In comparison to MT, the main advantages of induction thermography are:

  • The technique is working without direct contact, extensive and fast.

  • Induction thermography allows detection of shallow subsurface cracks.

  • By analysis of the phase signal profiles over the crack, an estimation of the crack depth is possible.

  • It is not necessary to treat the surface with a couplant or particle suspension. Disposal costs and environmental hazards are avoided.

  • It is usually not necessary to demagnetize a test object after testing.

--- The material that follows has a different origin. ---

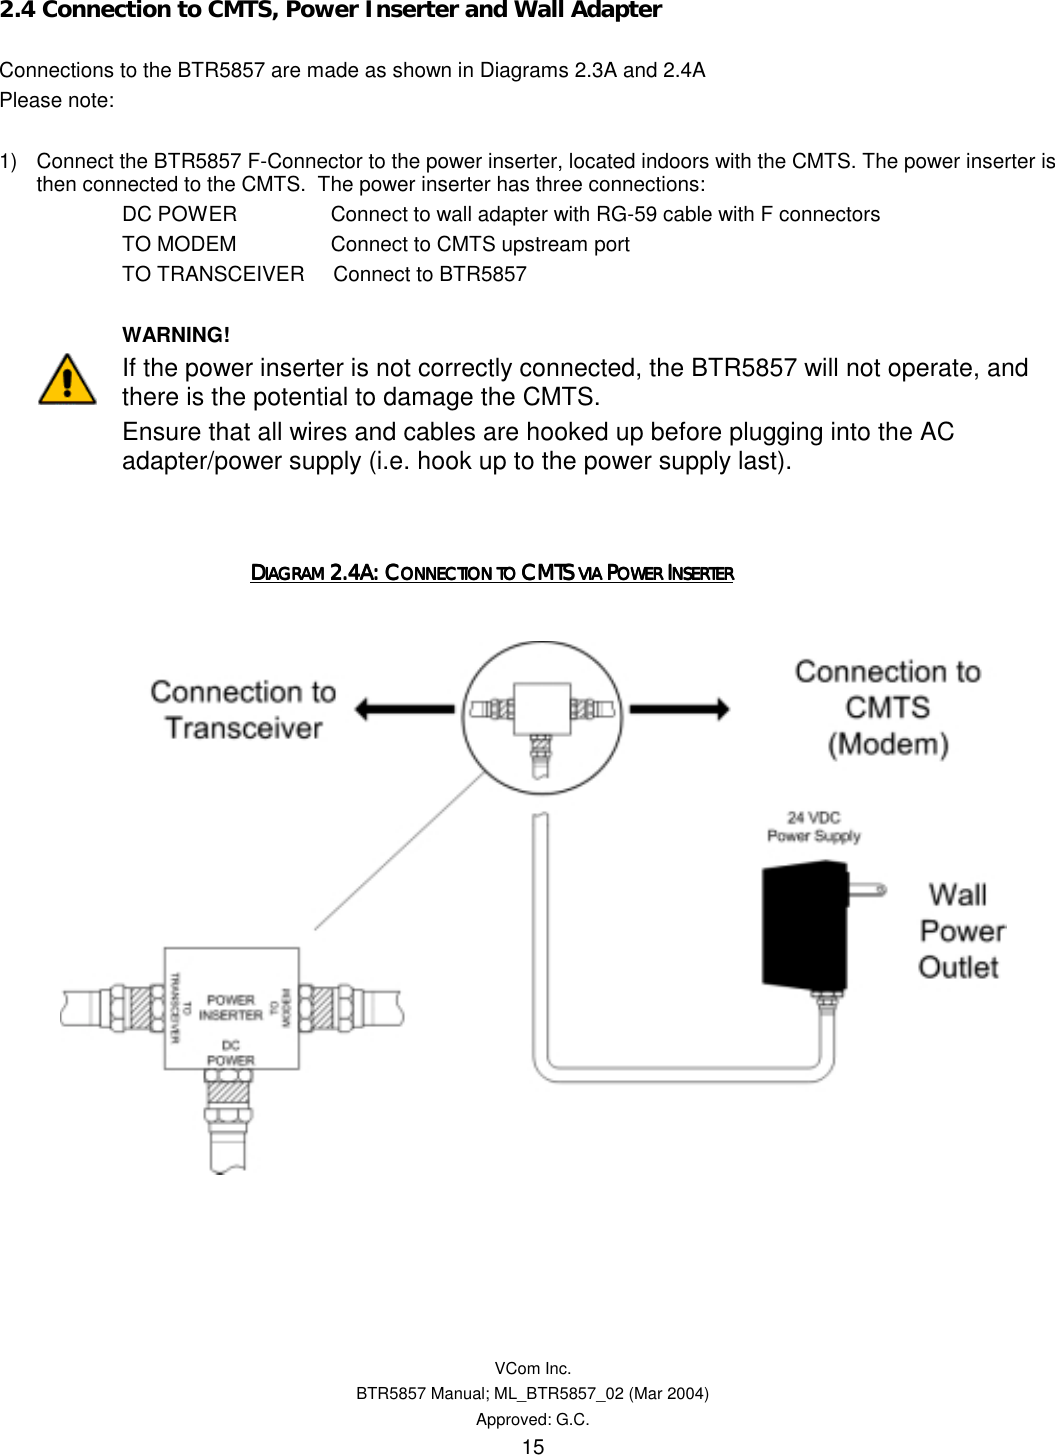   VCom Inc. BTR5857 Manual; ML_BTR5857_02 (Mar 2004) Approved: G.C. 15 2.4 Connection to CMTS, Power Inserter and Wall Adapter  Connections to the BTR5857 are made as shown in Diagrams 2.3A and 2.4A Please note:  1)  Connect the BTR5857 F-Connector to the power inserter, located indoors with the CMTS. The power inserter is then connected to the CMTS.  The power inserter has three connections: DC POWER       Connect to wall adapter with RG-59 cable with F connectors TO MODEM       Connect to CMTS upstream port TO TRANSCEIVER     Connect to BTR5857         WARNING! If the power inserter is not correctly connected, the BTR5857 will not operate, and there is the potential to damage the CMTS.   Ensure that all wires and cables are hooked up before plugging into the AC adapter/power supply (i.e. hook up to the power supply last).           DDDDIAGRAM IAGRAM IAGRAM IAGRAM 2.4A: C2.4A: C2.4A: C2.4A: CONNECTION TO ONNECTION TO ONNECTION TO ONNECTION TO CMTS CMTS CMTS CMTS VIA VIA VIA VIA PPPPOWER OWER OWER OWER IIIINSERTERNSERTERNSERTERNSERTER

  • Induction thermography allows one to test the components in a fully automated objective way according to defined criteria.

Standardization

There is considerable interest in industry on induction thermography. Up to now, however, introduction of this technique was impeded by missing standardization. A work around complex individual qualification by expertise or validation is possible. As this process is too costly and tedious in particular for small and medium enterprises, general standardization of induction thermography is desired.

In the last years, old standards on thermography were updated according to the progress of the state-of-the art. There is now a new European standard EN 16714 Nondestructive testing – Thermographic testing, containing the topics “General principles” (part 1), “Equipment” (part 2) and “Terms and definitions” (part 3). There will be a completely new European standard on active thermography based on DIN 54192. It will be followed by a European basic standard for induction thermography based on the German standard DIN 54183, which has been released at the end of 2017.

Summary and Outlook

Induction thermography can be applied to a wide range of materials that exhibit at least some electrical conductivity. Its ability to detect both surface cracks and hidden cracks close to the surface is very attractive, in particular for inspection of ferritic steel. The advantage of induction thermography compared to magnetic particle testing lies in the noncontact operation avoiding particle solutions and chemicals, as well as the ability to offer fully automated testing and well-documented results.

Cracks in ferritic steel can usually be detected with good signal/noise ratio. Progress has been obtained in determining the defect depth from the thermographic data.

An application with difficulties is crack detection on highly reflecting aluminum alloys and other materials with highly reflecting surfaces and low emissivity. Simulations and experimental evidence show that the contrast obtained from a crack in aluminum may be one to two orders of magnitude smaller than that of magnetic steel.

A central requirement for an alternative testing technique, however, is at least equal detection sensitivity and reliability as the existing standard. Although present results show that relevant cracks can be detected reliably, there is a demand for research on long-term stability and reliability in mass production applications.

More pilot applications and upcoming application standards will increase the acceptance of the technique.